Chemours exceeds air permit limit for GenX

Several municipalities in southeastern North Carolina have passed resolutions in solidarity with CFPUA to ask NCDEQ to hold Fayetteville Works accountable. (Port City Daily photo /COURTESY GOOGLE MAPS)
Fayetteville Works is home to the Chemours Chemical Company, with an outfall that discharges into the Cape Fear River. (Port City Daily photo /Courtesy Google Maps)

The Department of Environmental Quality has issued a notice of violation to Chemours for exceeding its 12-month limit of releasing GenX, the chemical that kicked off the region’s water contamination crisis.

DEQ allows Chemours to dump 23.07 pounds per year of GenX into the atmosphere.

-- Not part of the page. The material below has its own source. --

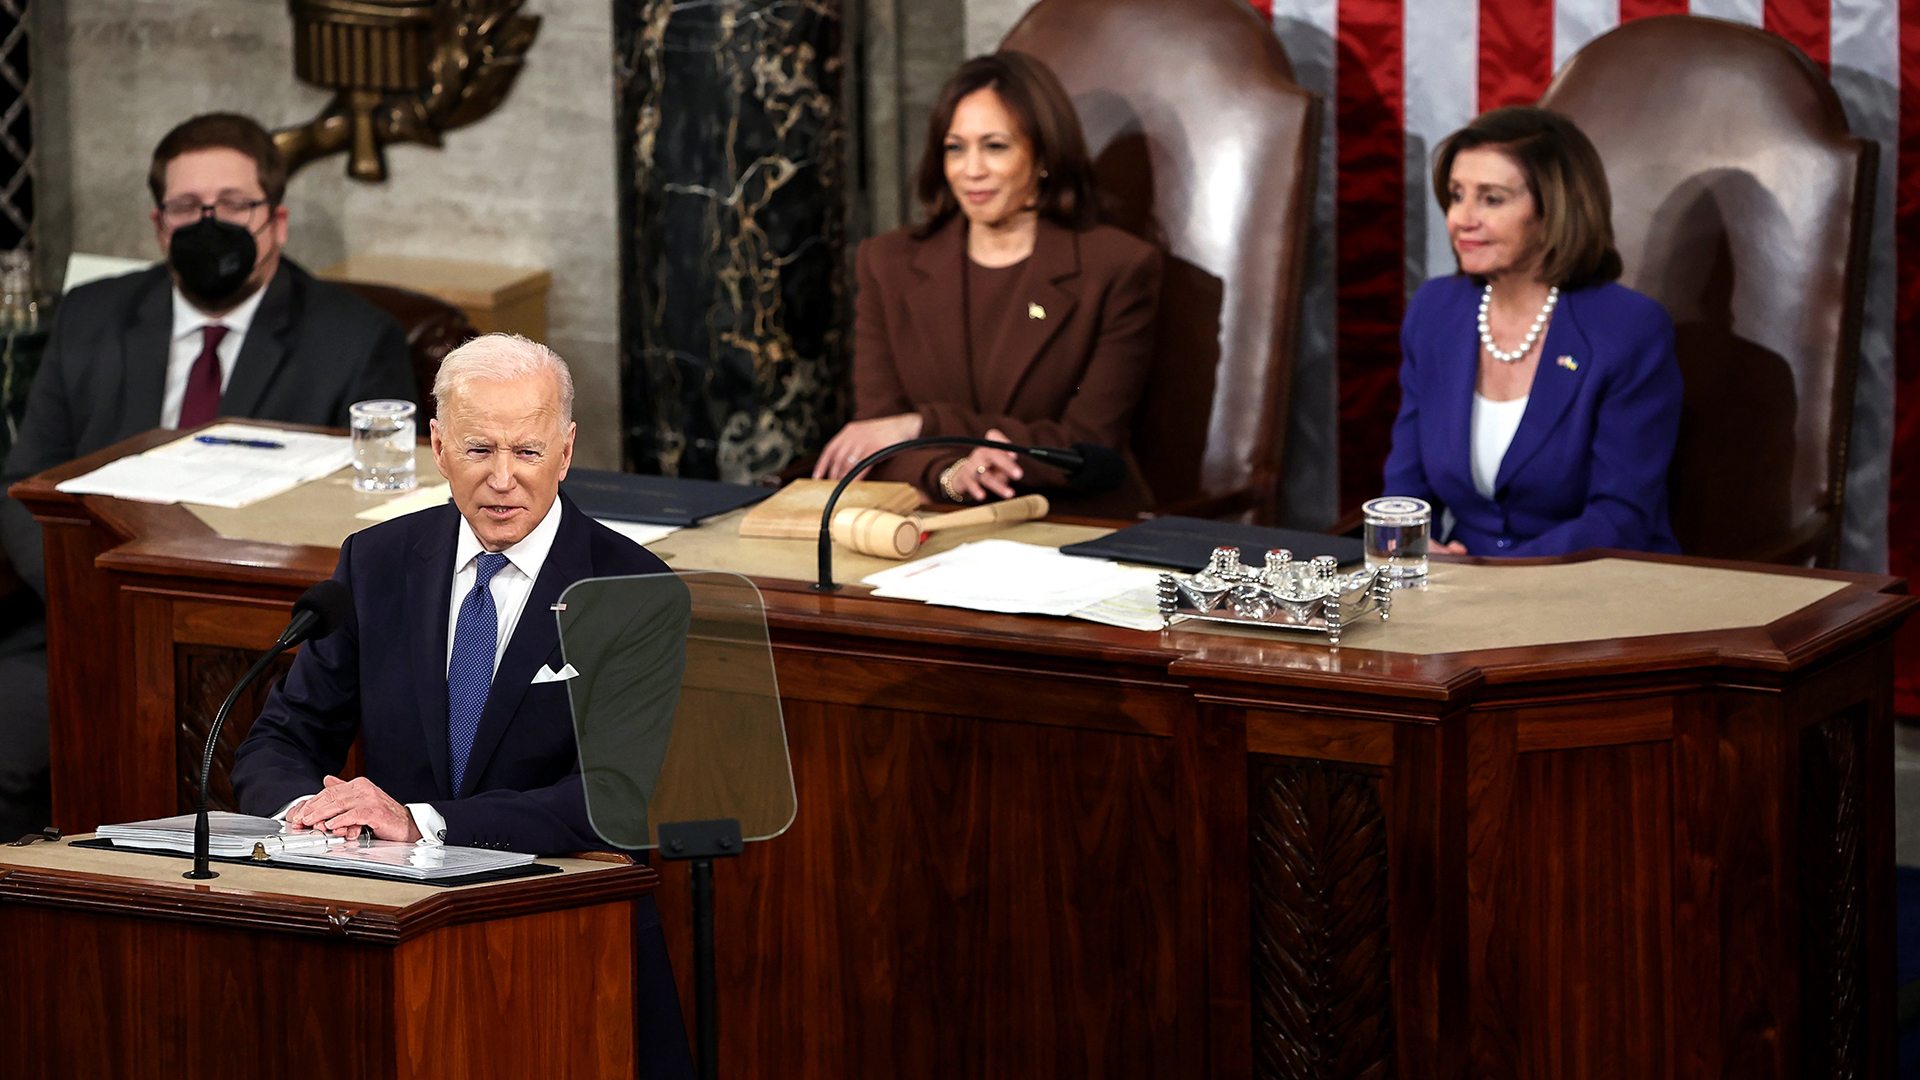 The hits Joe Biden didn't take during his State of the Union address thumbnail

This ceiling was a result of a negotiated 99% reduction in its emissions as part of a settlement agreement. In 2017, the chemical giant released 2,307 pounds of the trademarked and unregulated compound into the air.

In late April, the multi-billion-dollar company submitted its compliance report to DEQ. By late June, officials informed Chemours the company’s calculated methodology was not appropriate. Then in mid-July, Chemours submitted the reworked data, reporting a 12-month GenX emissions total of more than 32 pounds.


The Division of Air Quality also determined Chemours was improperly operating a carbon absorber, which is designed to capture fugitive emissions. Chemours has until Sept. 10 to detail an action plan and respond to the department.

DEQ, Chemours, and Cape Fear River Watch entered into a much-criticized consent agreement in 2019, arriving at a 99% reduction requirement for both air and water pollution emissions.